Source information:
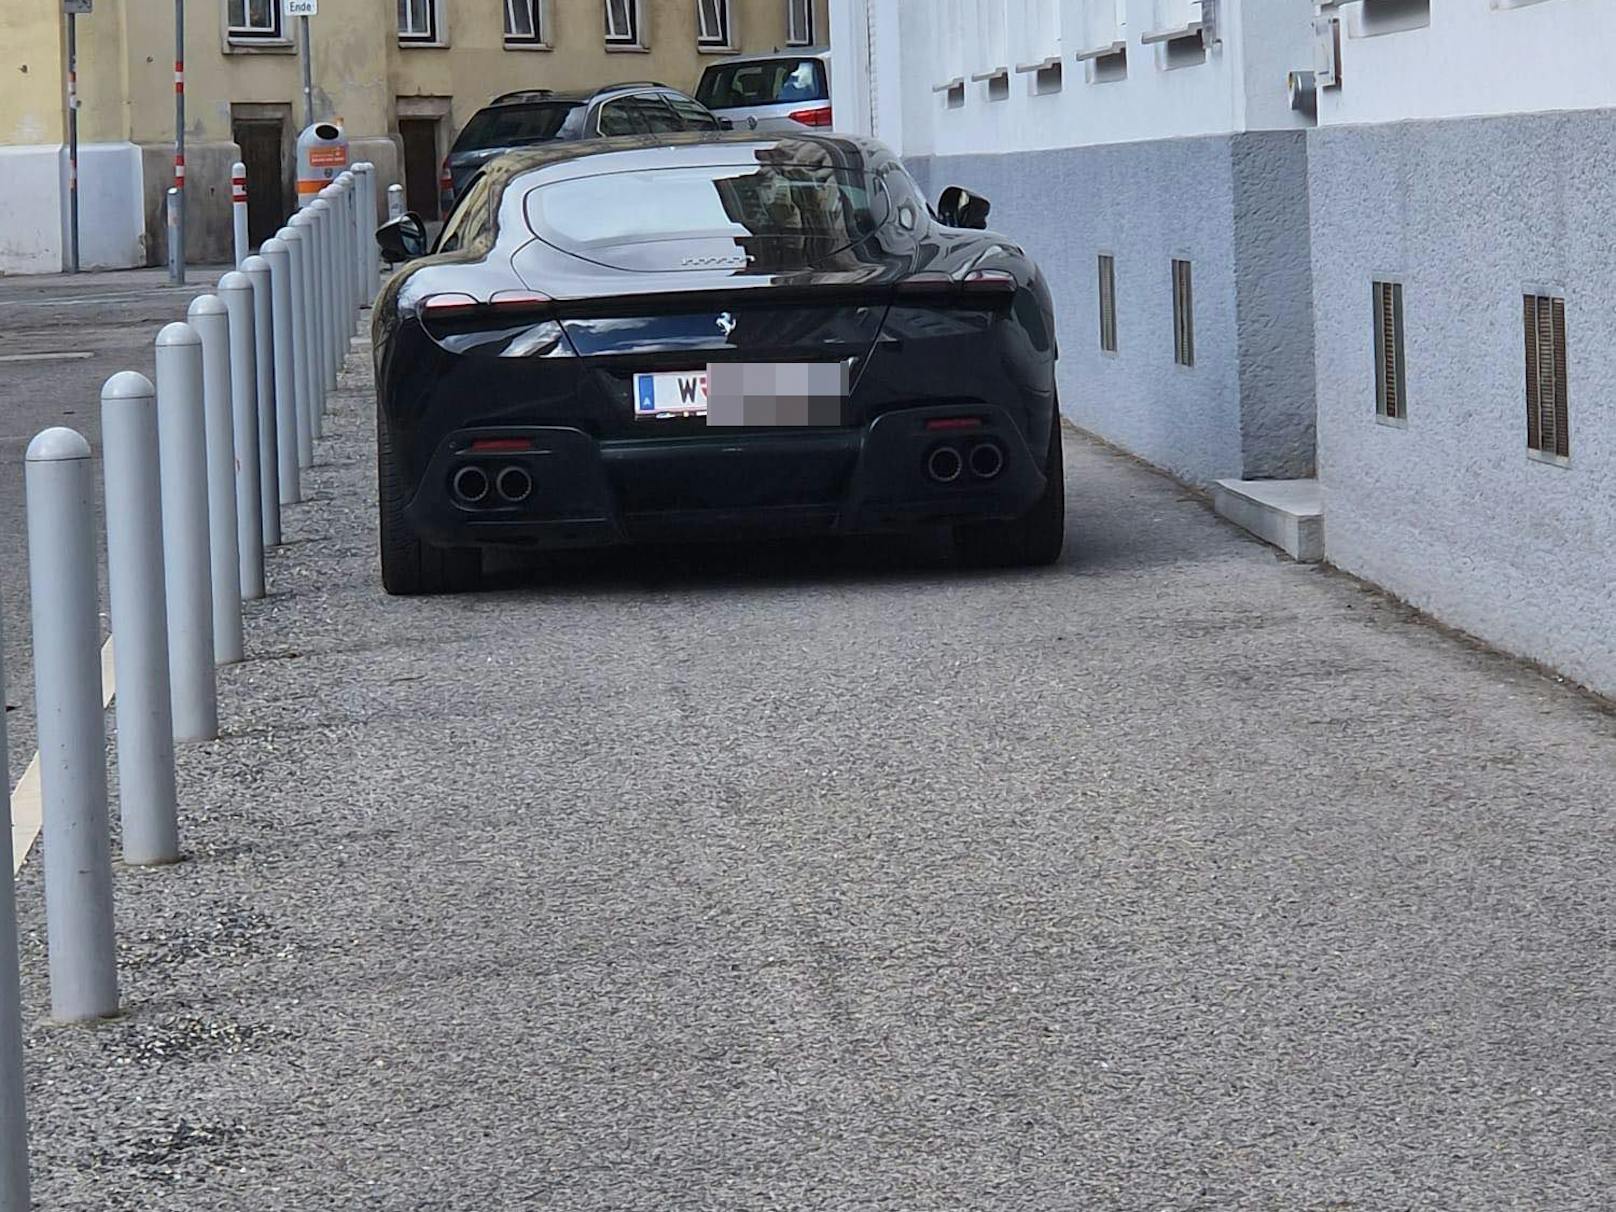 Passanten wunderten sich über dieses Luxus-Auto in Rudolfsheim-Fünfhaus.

...

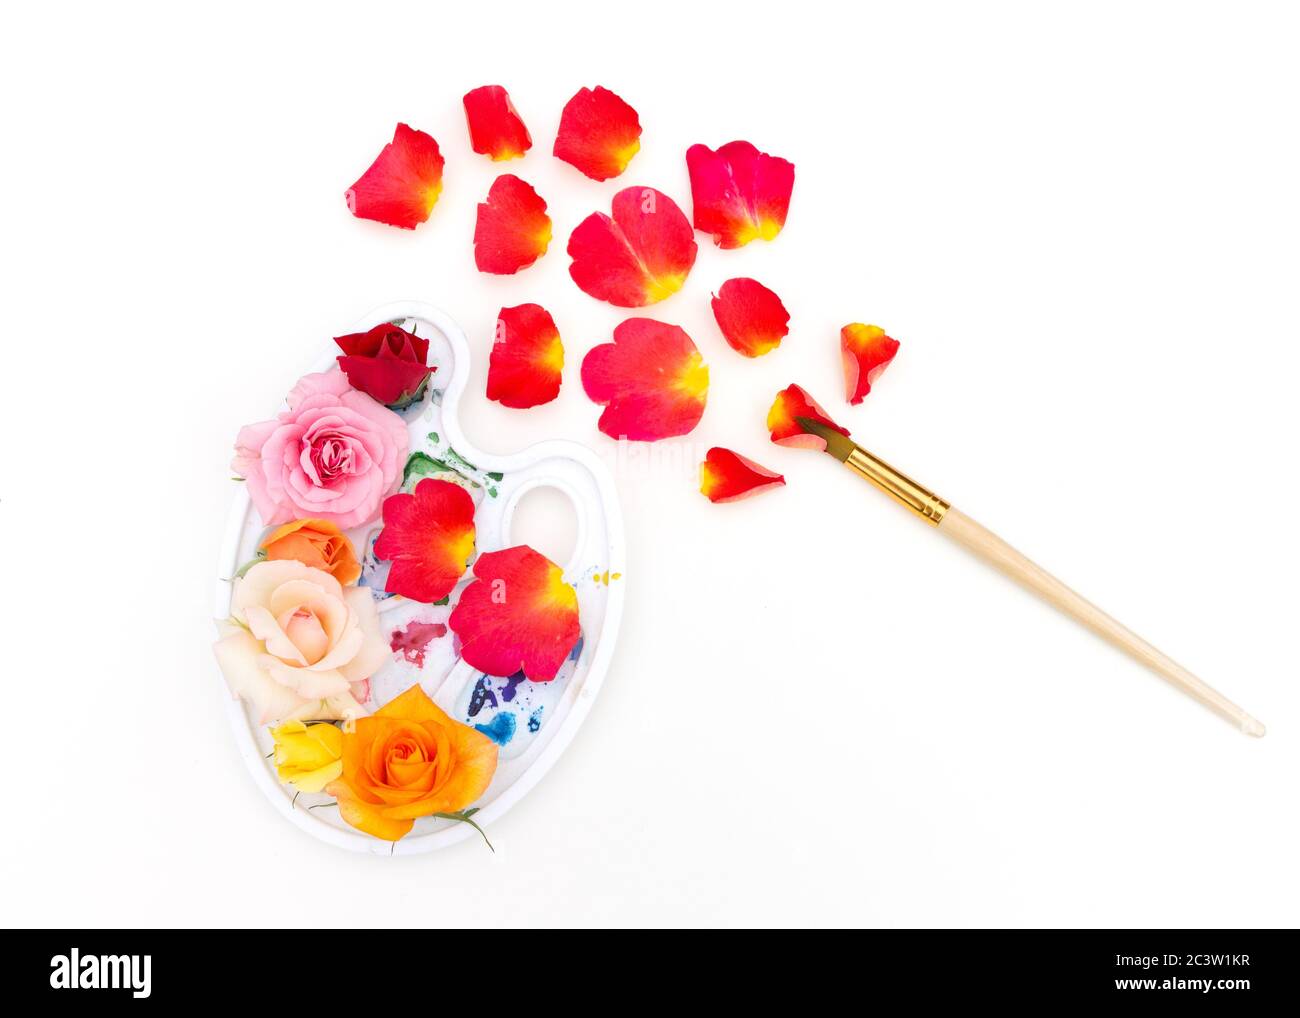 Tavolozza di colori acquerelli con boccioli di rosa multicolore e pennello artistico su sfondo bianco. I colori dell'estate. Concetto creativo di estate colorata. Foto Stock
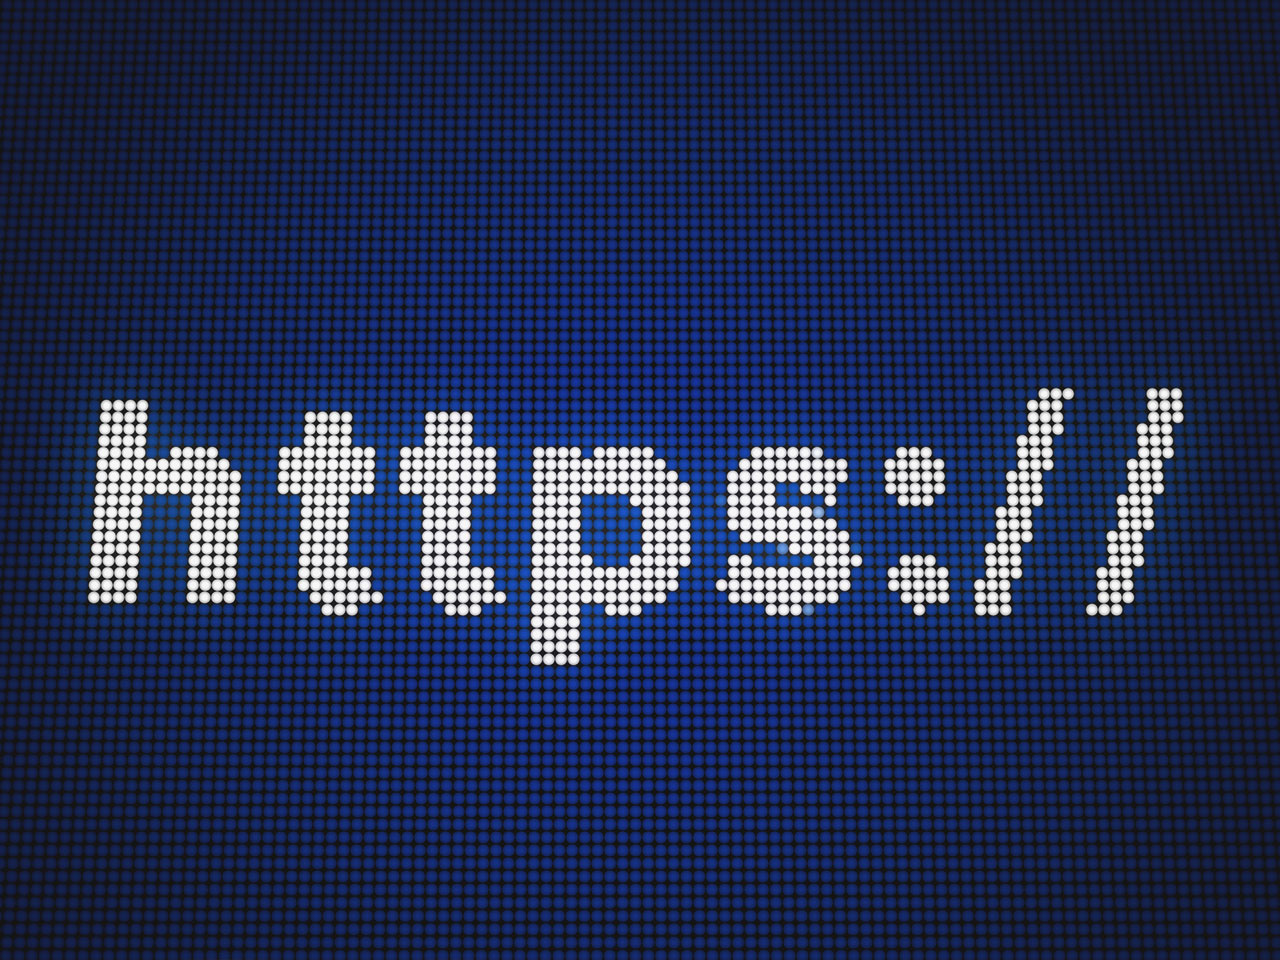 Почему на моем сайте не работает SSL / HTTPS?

==

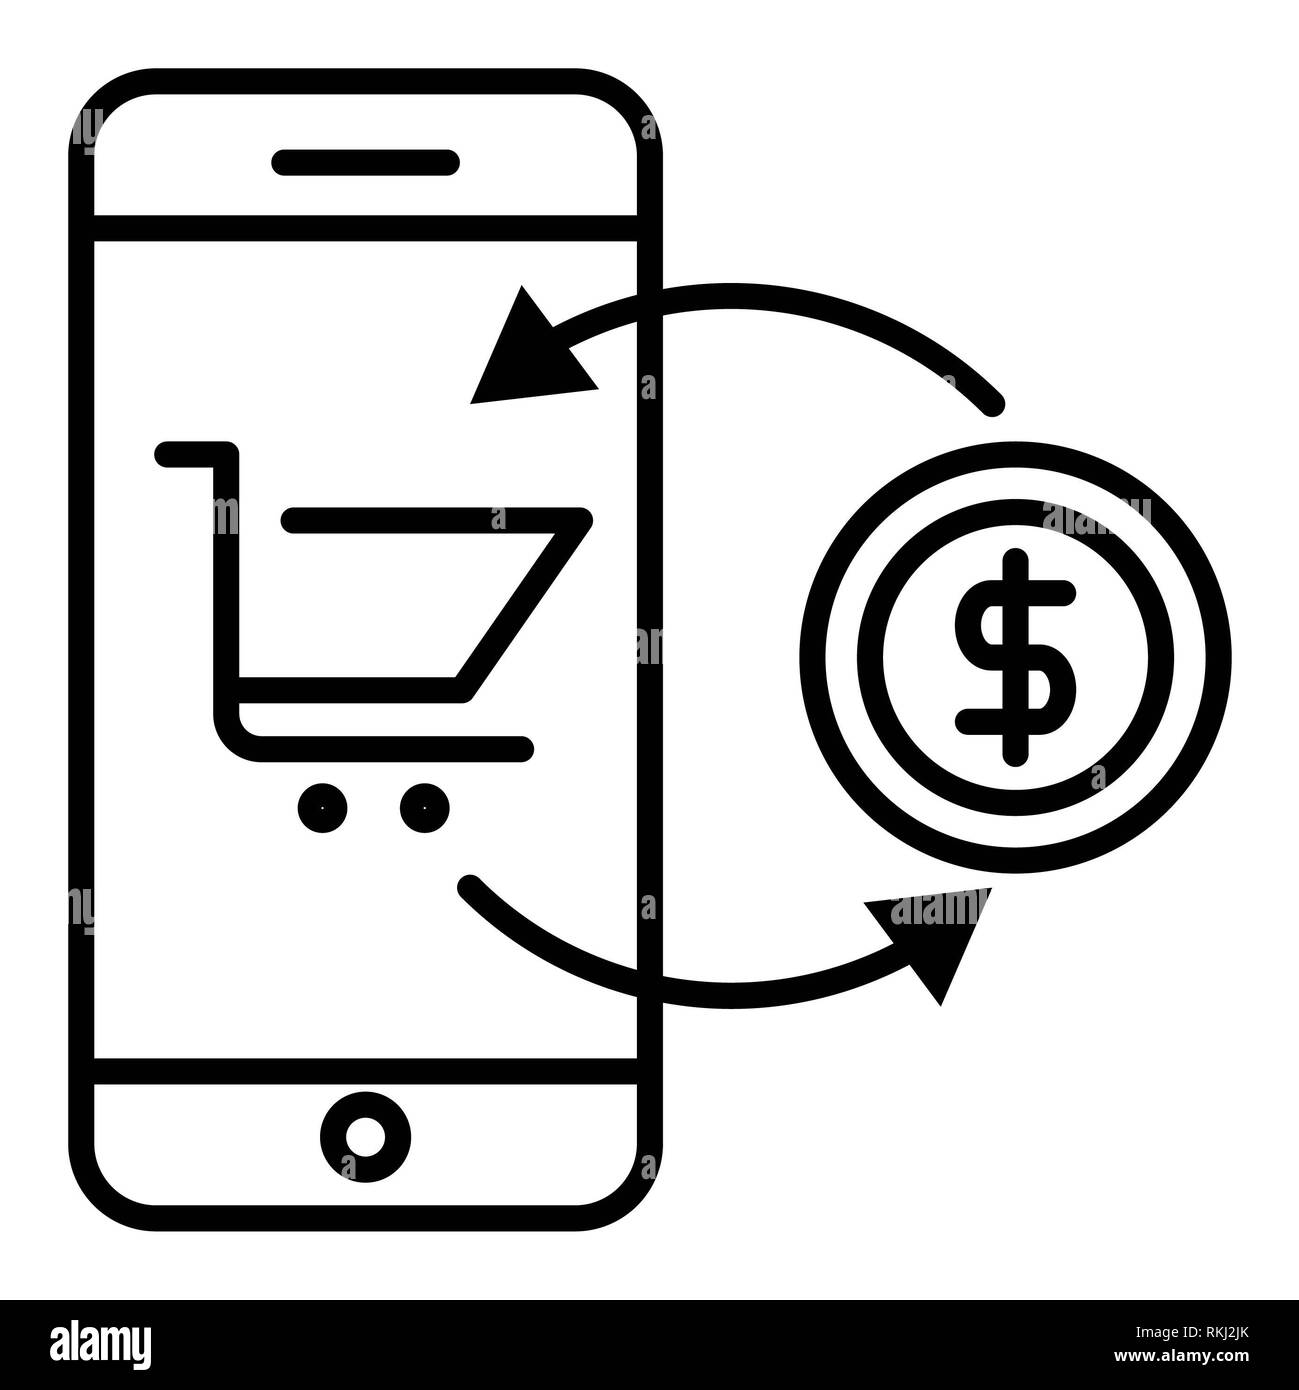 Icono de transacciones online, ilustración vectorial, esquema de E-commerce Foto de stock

Your task:
Among the entries above, copy exactly the stretch from the line holding "Tavolozza di colori" through the line holding "Почему на моем", leaving out any pictures.

Exercise solution:
 Tavolozza di colori acquerelli con boccioli di rosa multicolore e pennello artistico su sfondo bianco. I colori dell'estate. Concetto creativo di estate colorata. Foto Stock
 Почему на моем сайте не работает SSL / HTTPS?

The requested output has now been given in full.